Start of GIVEN DATA

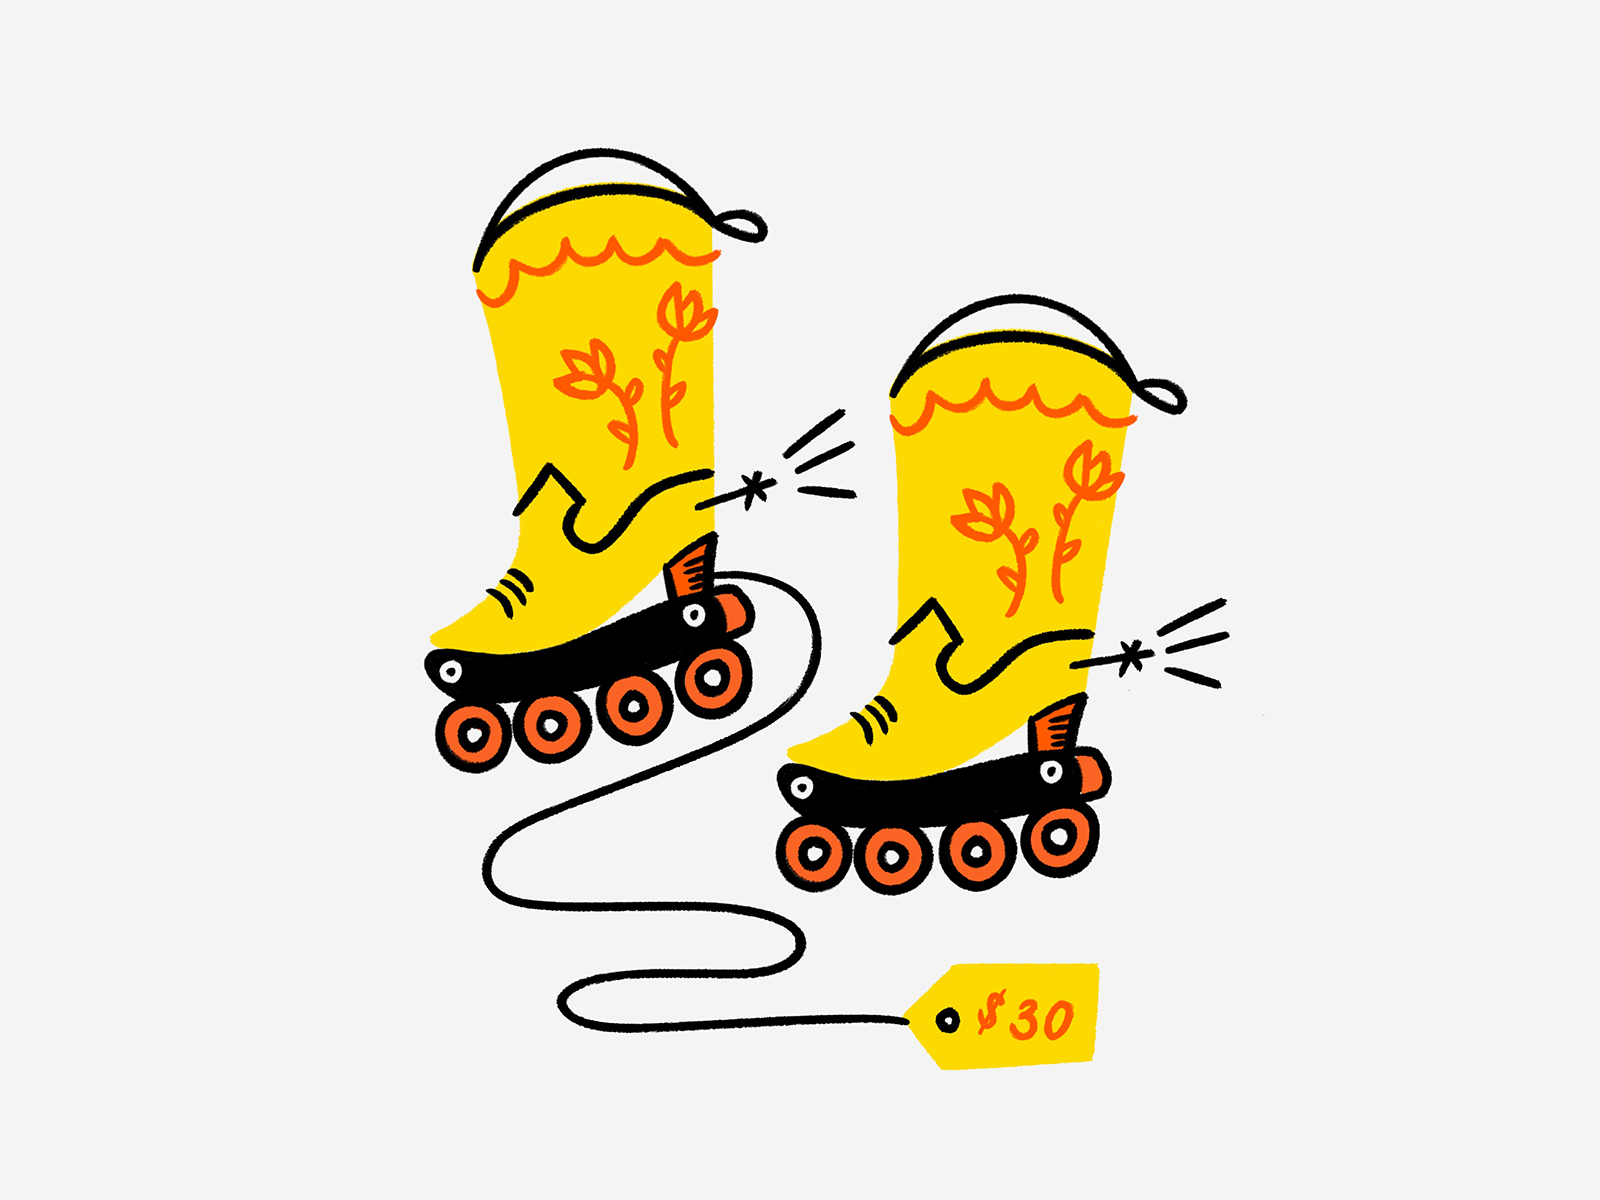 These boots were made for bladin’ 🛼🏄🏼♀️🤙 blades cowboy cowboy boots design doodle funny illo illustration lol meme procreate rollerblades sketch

End of GIVEN DATA
Start of GIVEN DATA

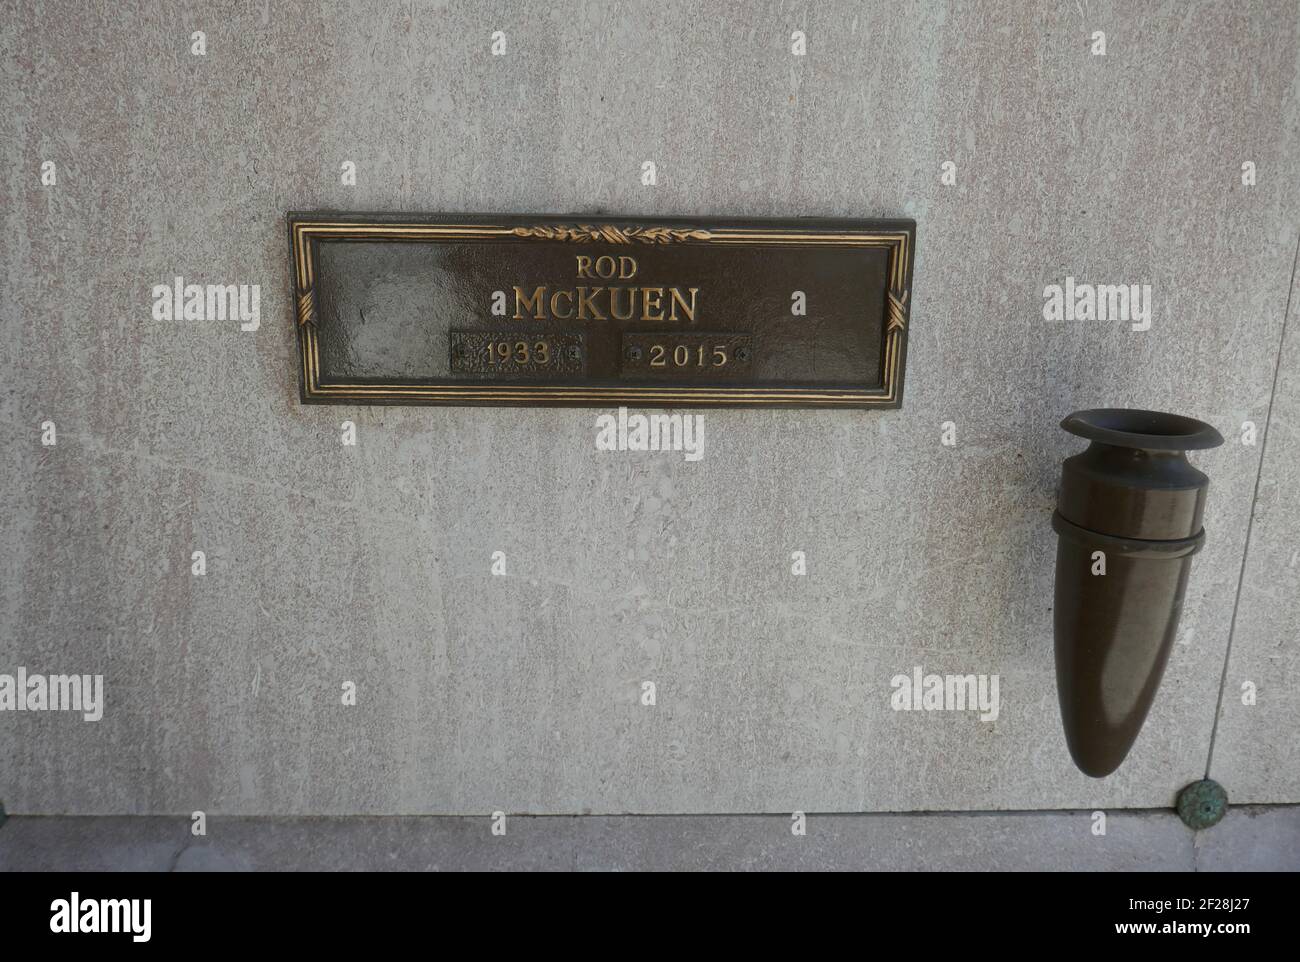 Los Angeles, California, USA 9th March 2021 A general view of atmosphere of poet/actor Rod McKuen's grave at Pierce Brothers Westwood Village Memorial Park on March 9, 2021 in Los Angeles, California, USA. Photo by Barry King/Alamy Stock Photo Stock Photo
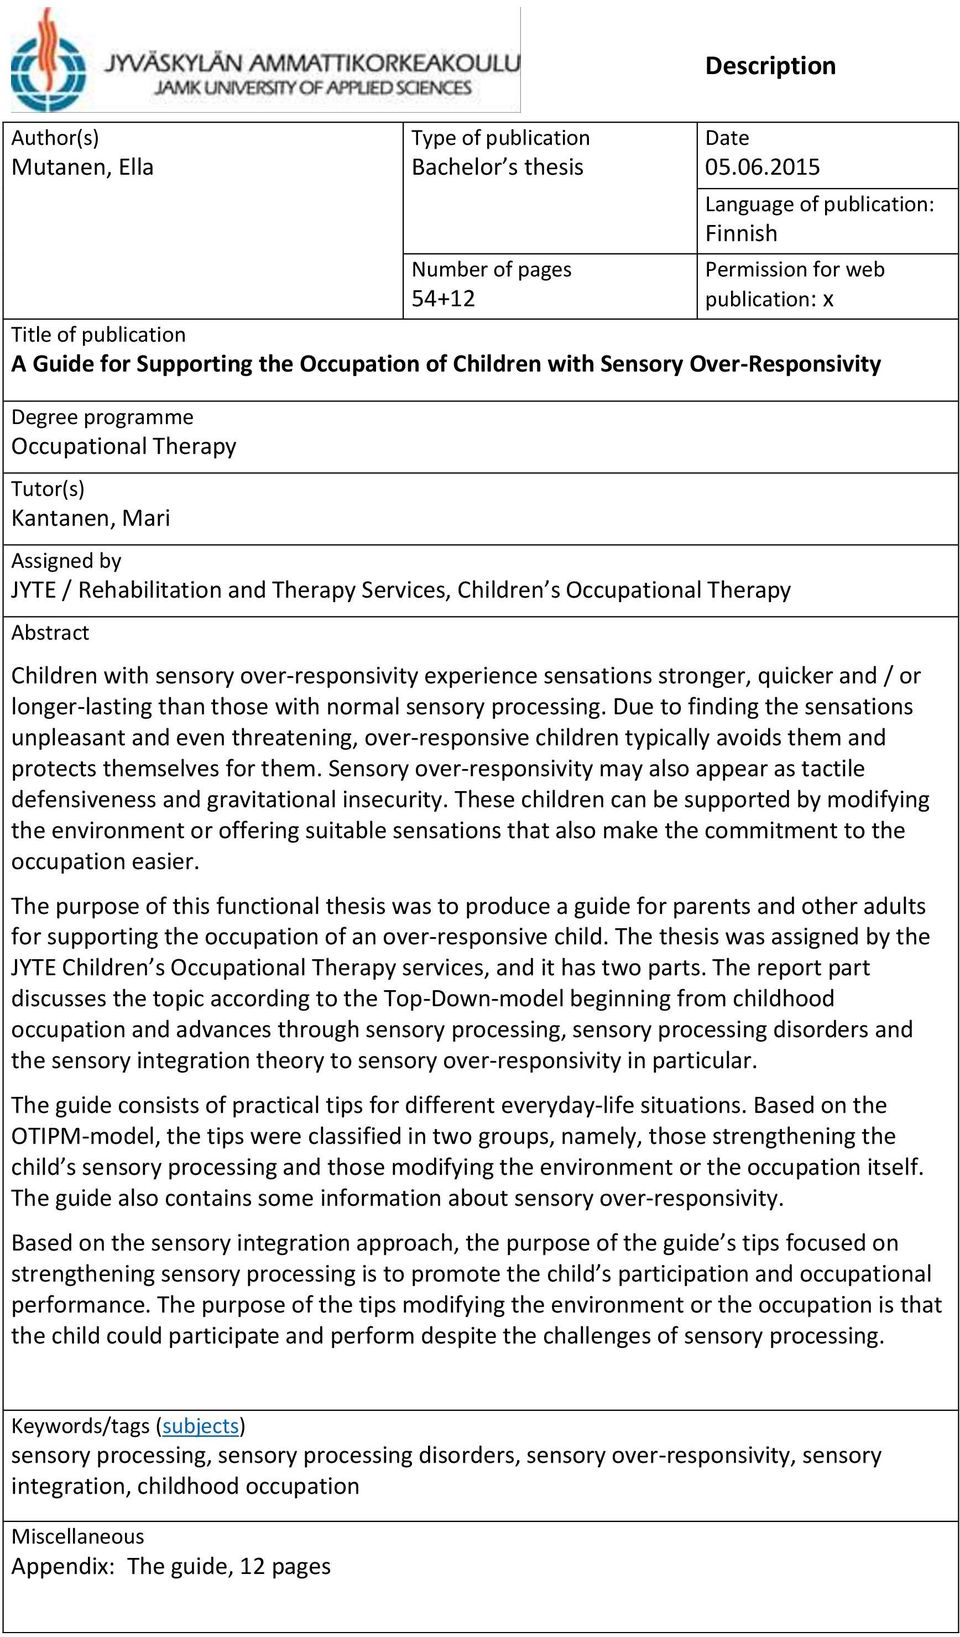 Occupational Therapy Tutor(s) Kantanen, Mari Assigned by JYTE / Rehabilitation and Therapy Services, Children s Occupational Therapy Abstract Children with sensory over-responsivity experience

End of GIVEN DATA
Start of GIVEN DATA

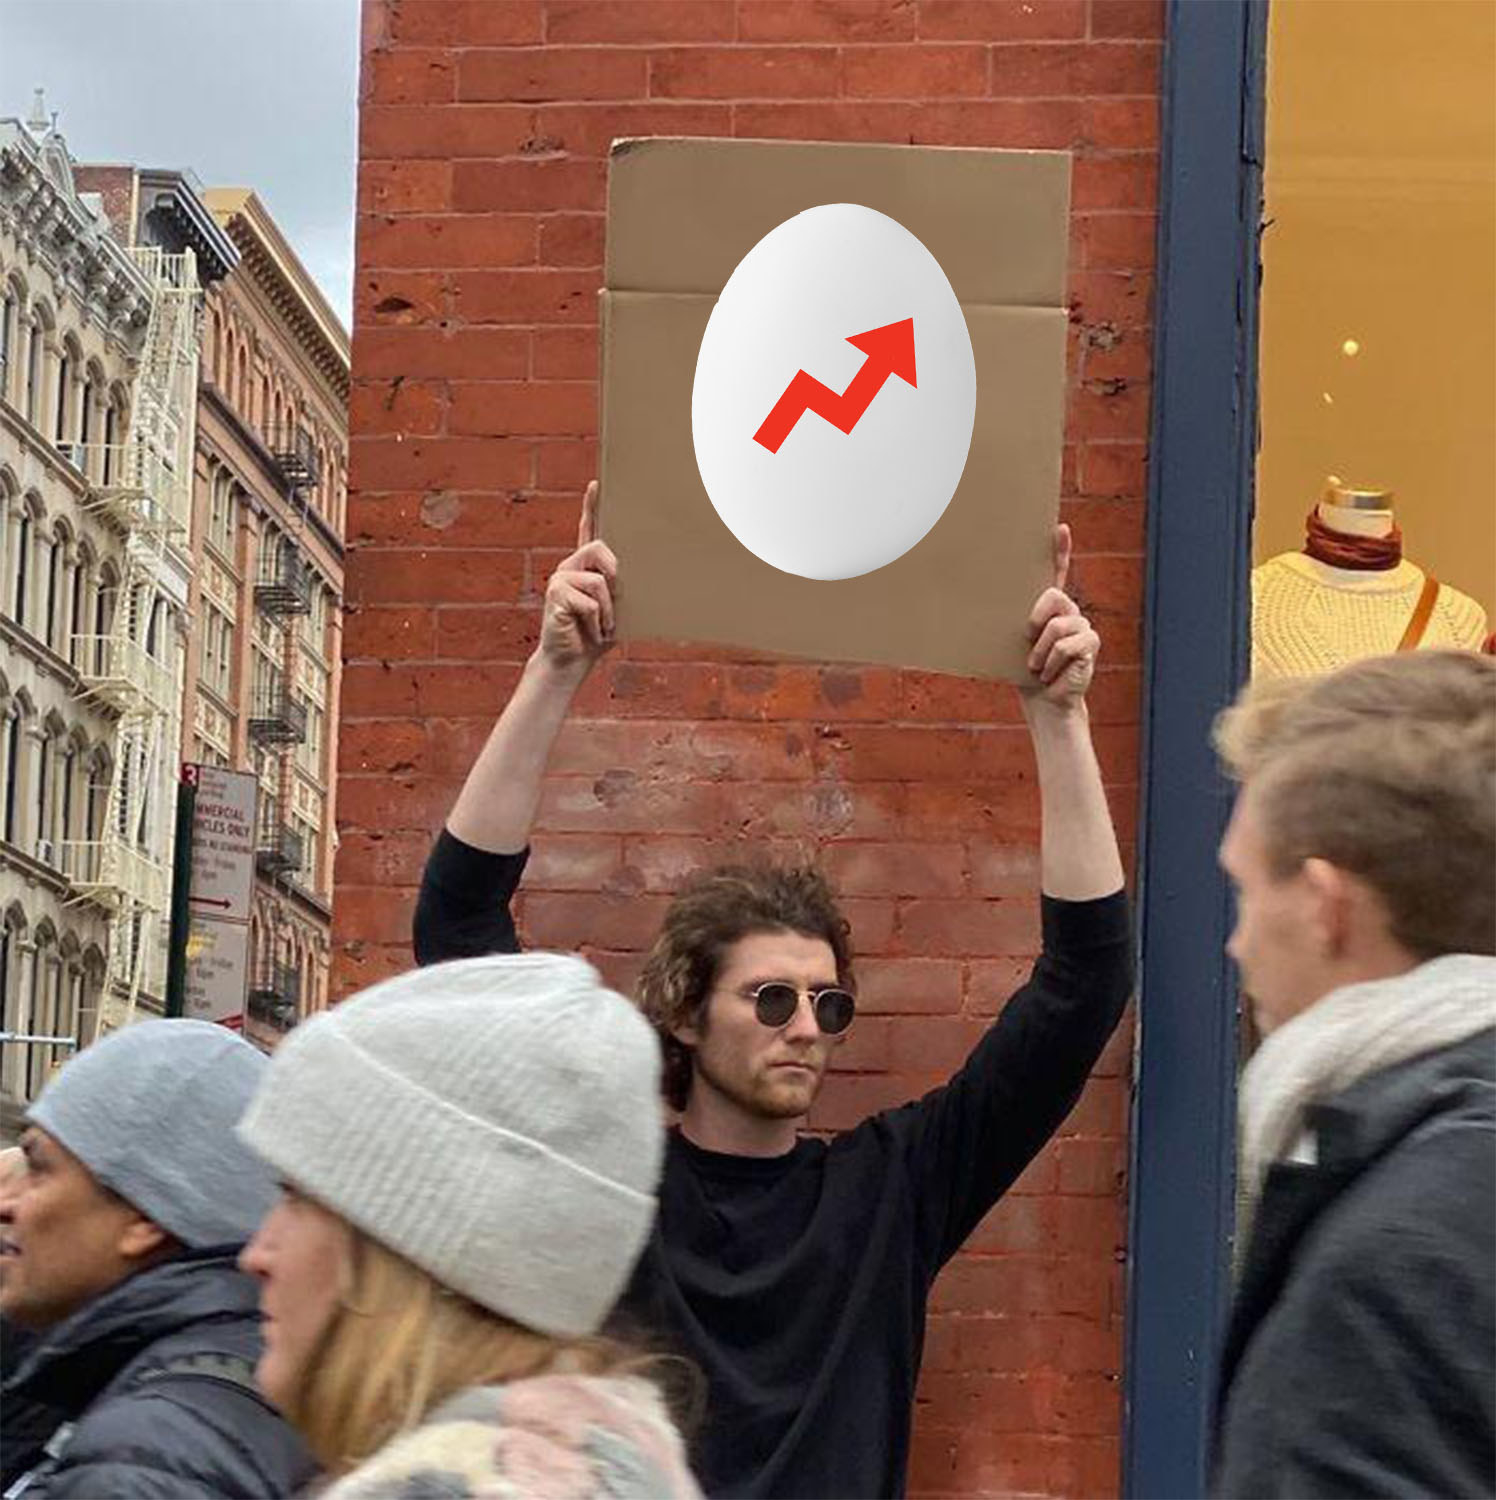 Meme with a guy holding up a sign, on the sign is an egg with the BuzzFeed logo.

End of GIVEN DATA

> **EXERCISE GOAL**
Write out the lines above from the one with "Los Angeles, California, USA 9th" through the one with "Occupational Therapy Tutor(s)", ends included, exactly; no picture goes in.

> **TASK ANSWER**
 Los Angeles, California, USA 9th March 2021 A general view of atmosphere of poet/actor Rod McKuen's grave at Pierce Brothers Westwood Village Memorial Park on March 9, 2021 in Los Angeles, California, USA. Photo by Barry King/Alamy Stock Photo Stock Photo
 Occupational Therapy Tutor(s) Kantanen, Mari Assigned by JYTE / Rehabilitation and Therapy Services, Children s Occupational Therapy Abstract Children with sensory over-responsivity experience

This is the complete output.